(YOUR ASSIGNMENT):
The listing below should be printed exactly, though its pictures must not be.

(AVAILABLE DATA):
################

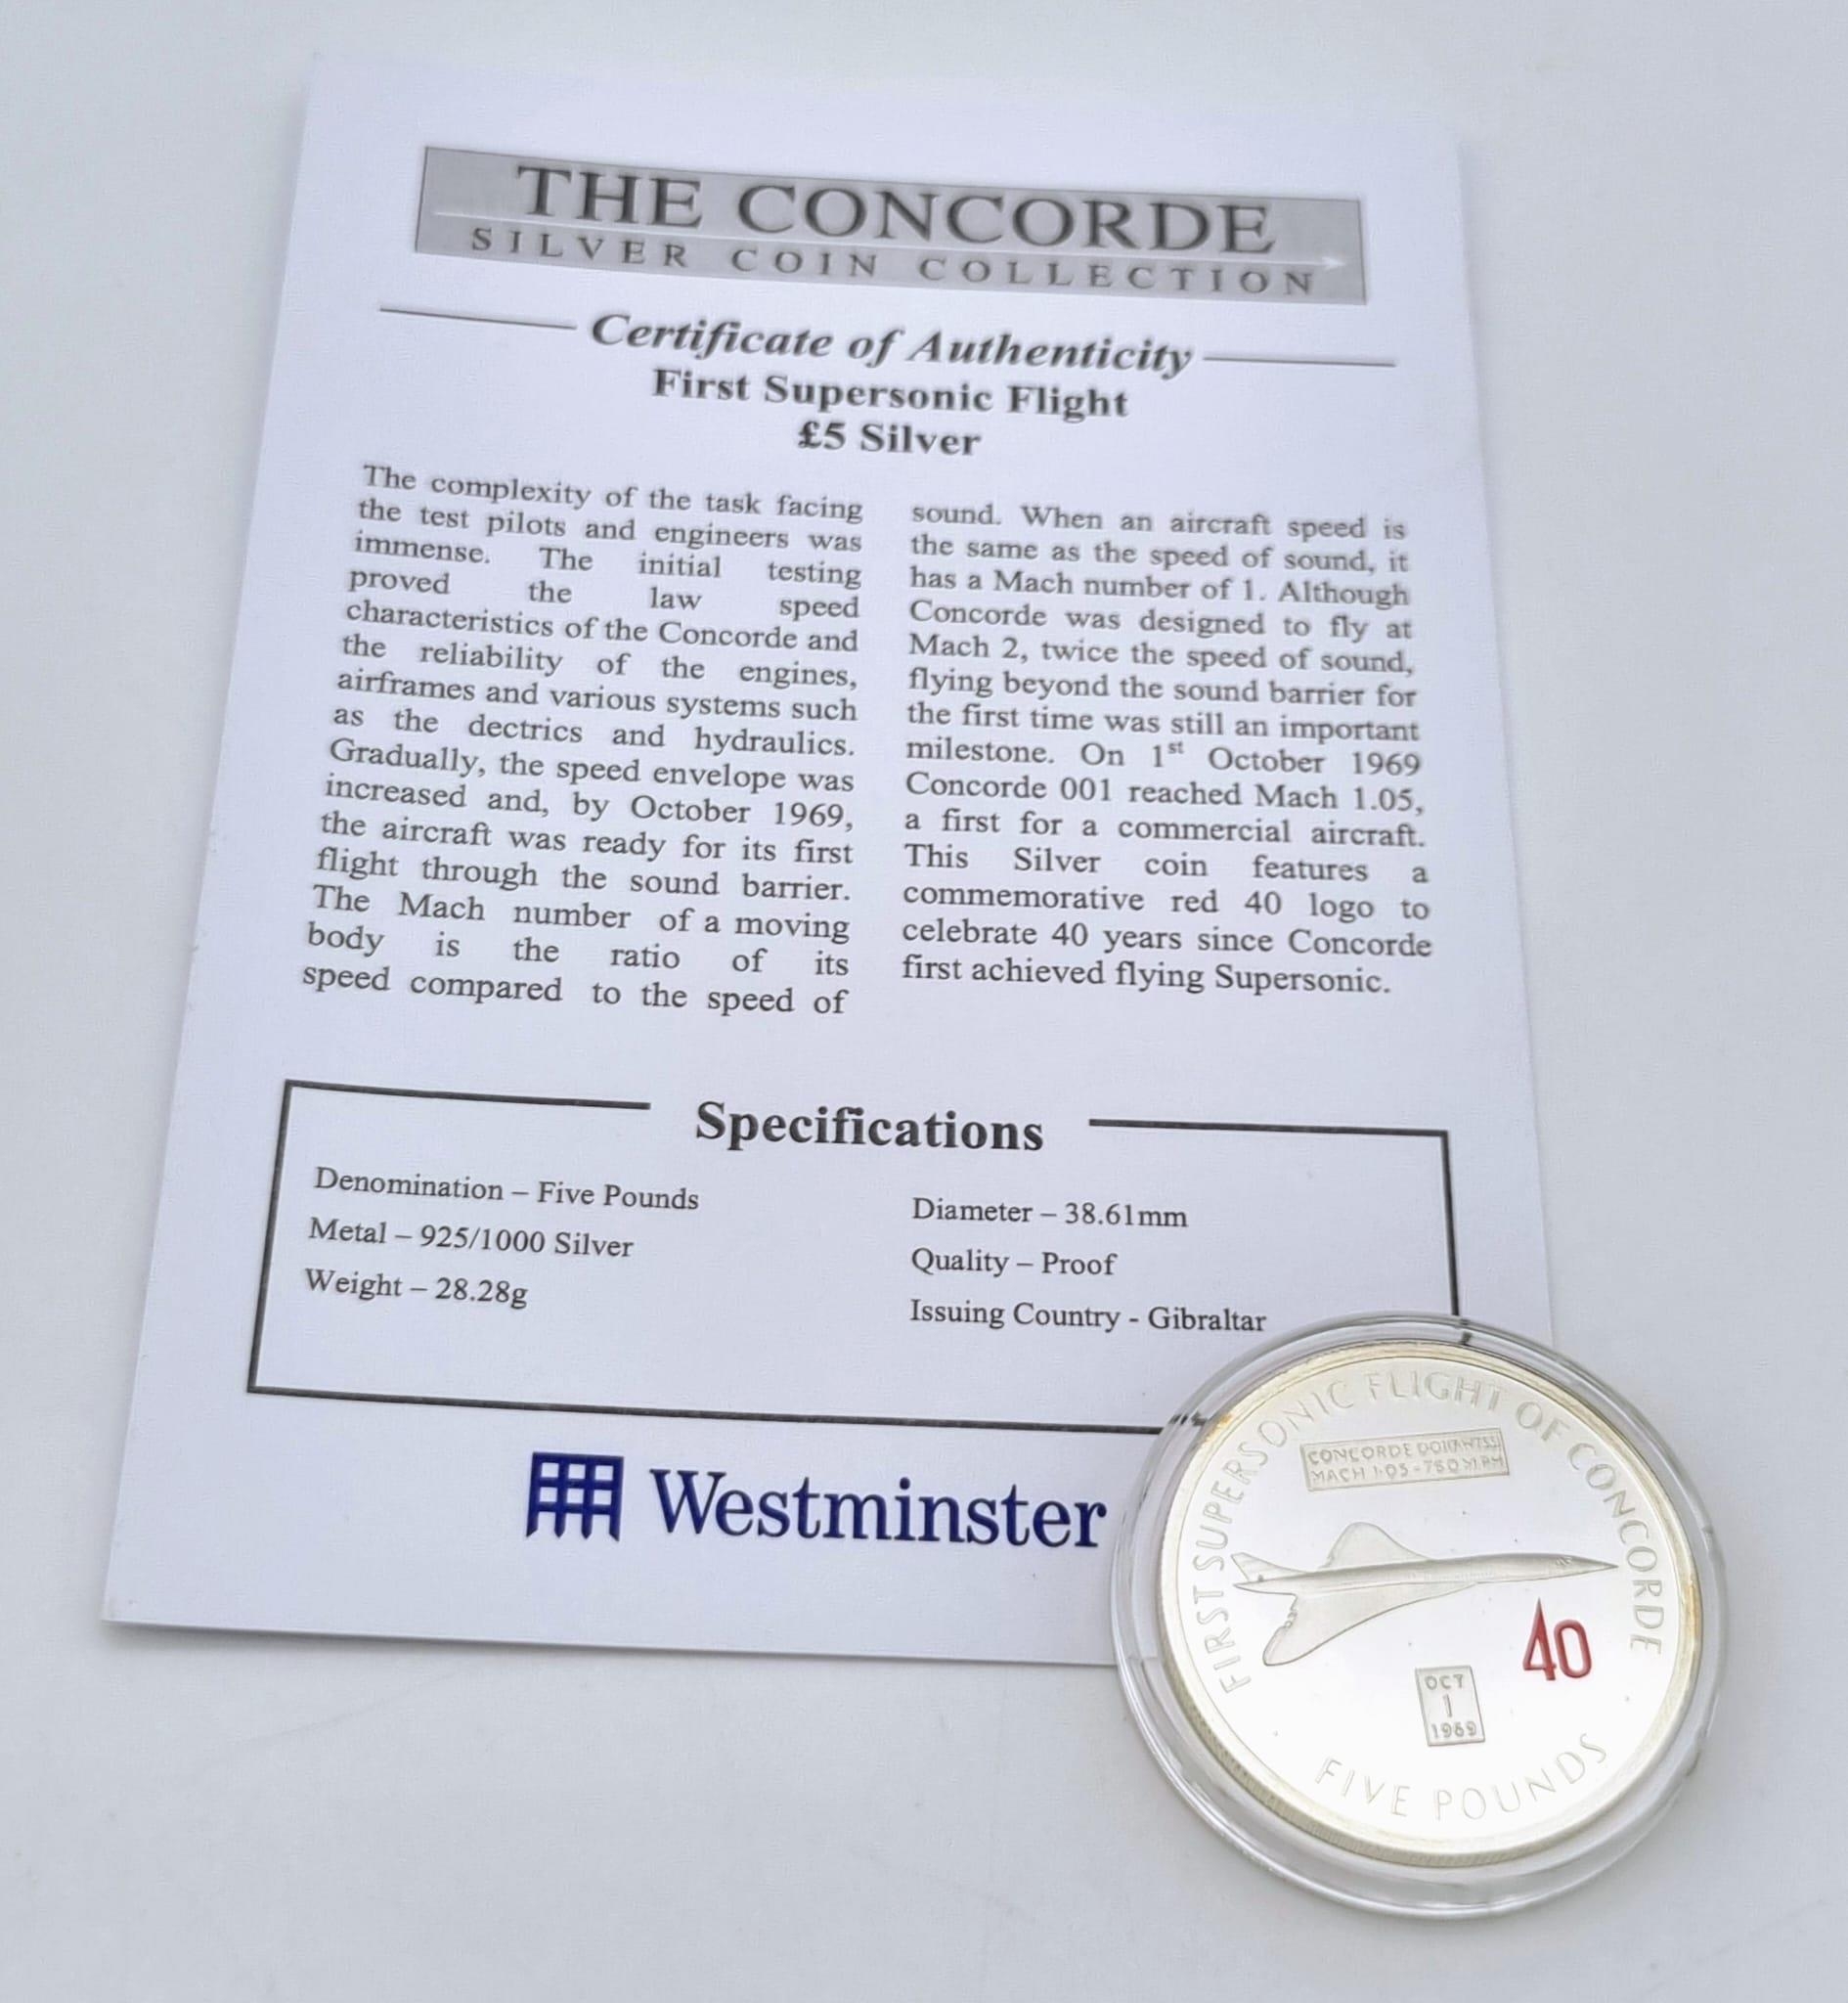 First Supersonic Flight of the Concorde Sterling Silver £5 Coin Mint Condition in Capsule with Certi - Image 3 of 3
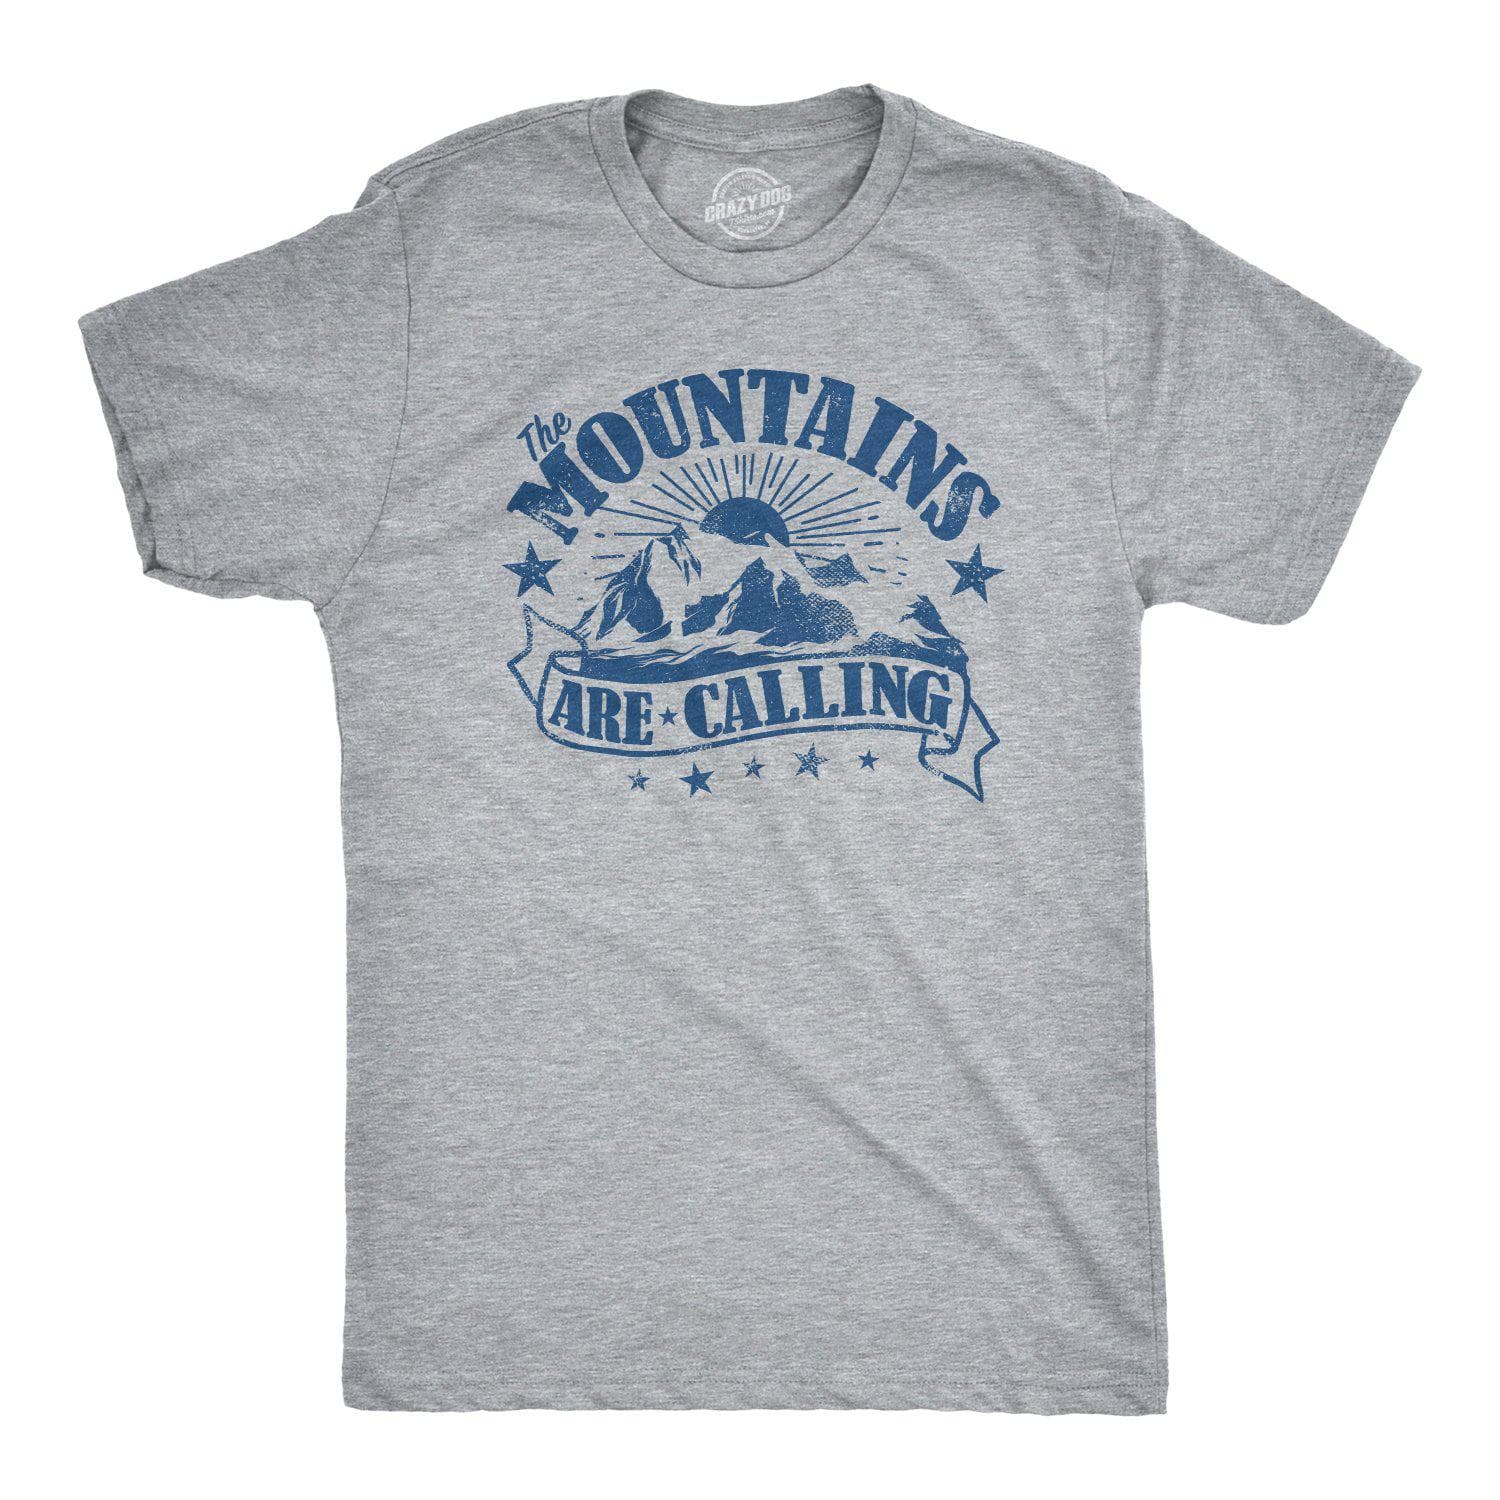 The Mountains Are Calling Men's Tshirt - Crazy Dog T-Shirts
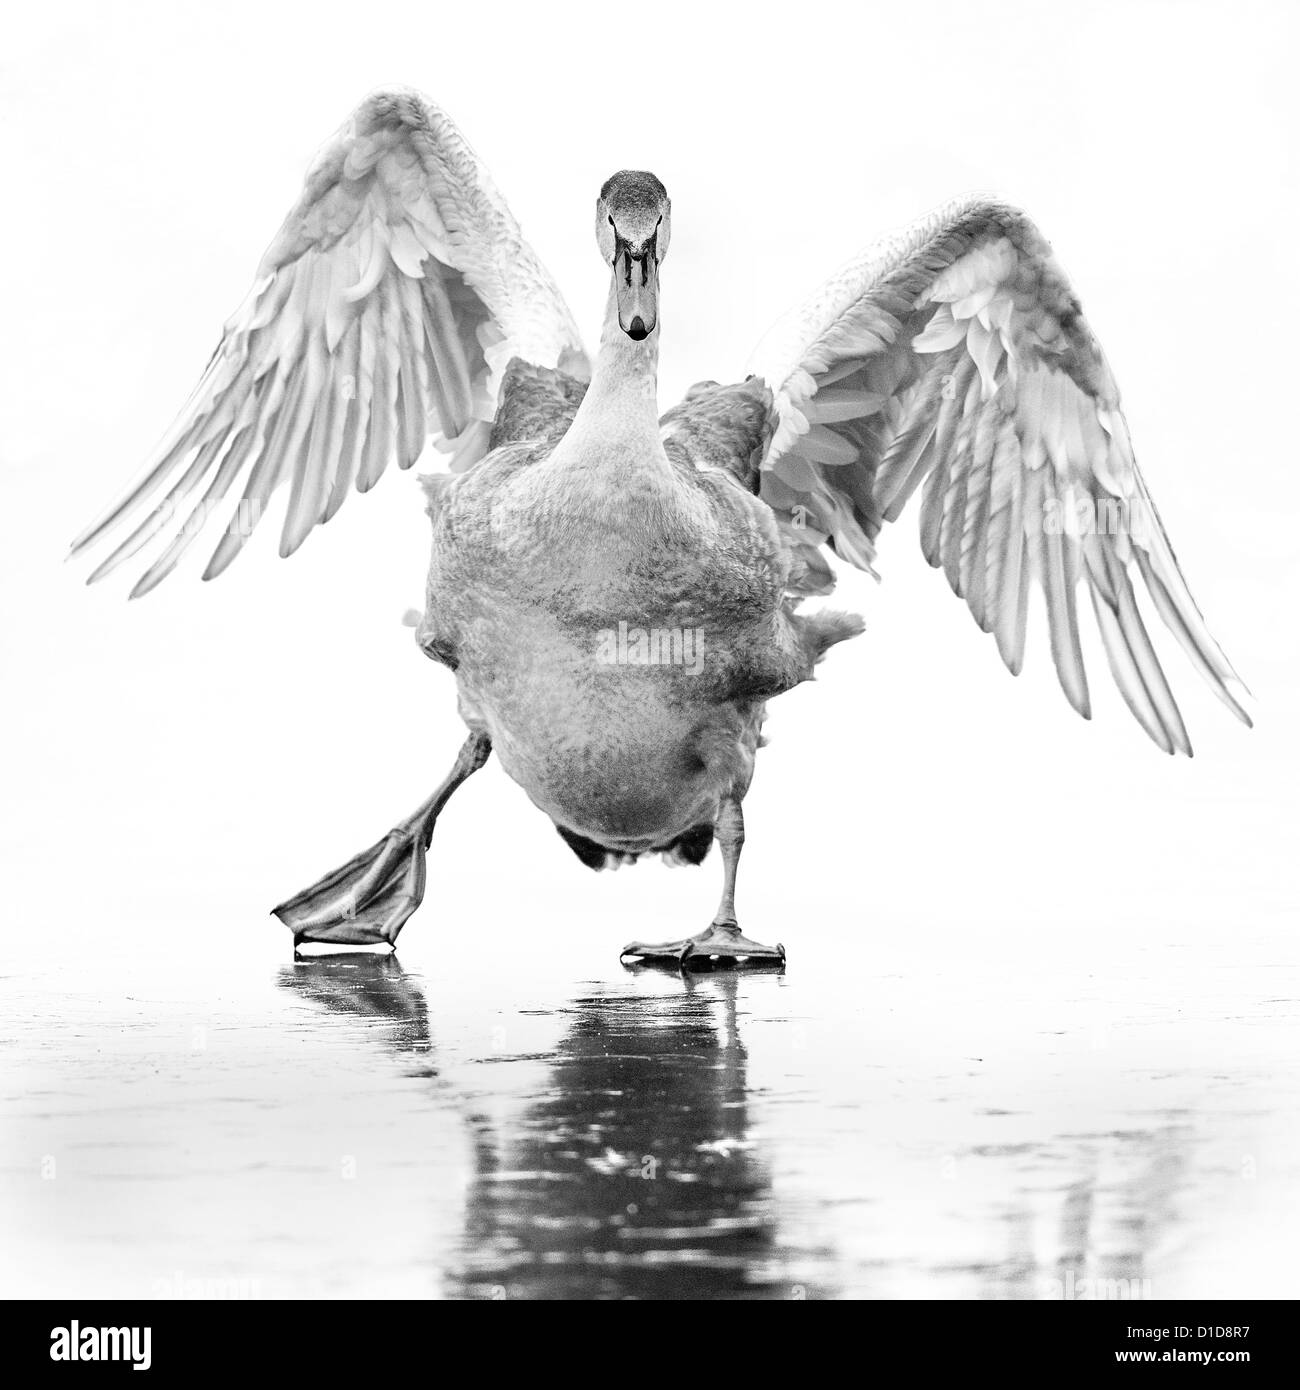 A young mute swan (cygnus olor) slips about on a frozen lake in the Lee valley, England. Monochrome image. Stock Photo

################

(WRITTEN RESPONSE):
 First Supersonic Flight of the Concorde Sterling Silver £5 Coin Mint Condition in Capsule with Certi - Image 3 of 3
 The Mountains Are Calling Men's Tshirt - Crazy Dog T-Shirts
 A young mute swan (cygnus olor) slips about on a frozen lake in the Lee valley, England. Monochrome image. Stock Photo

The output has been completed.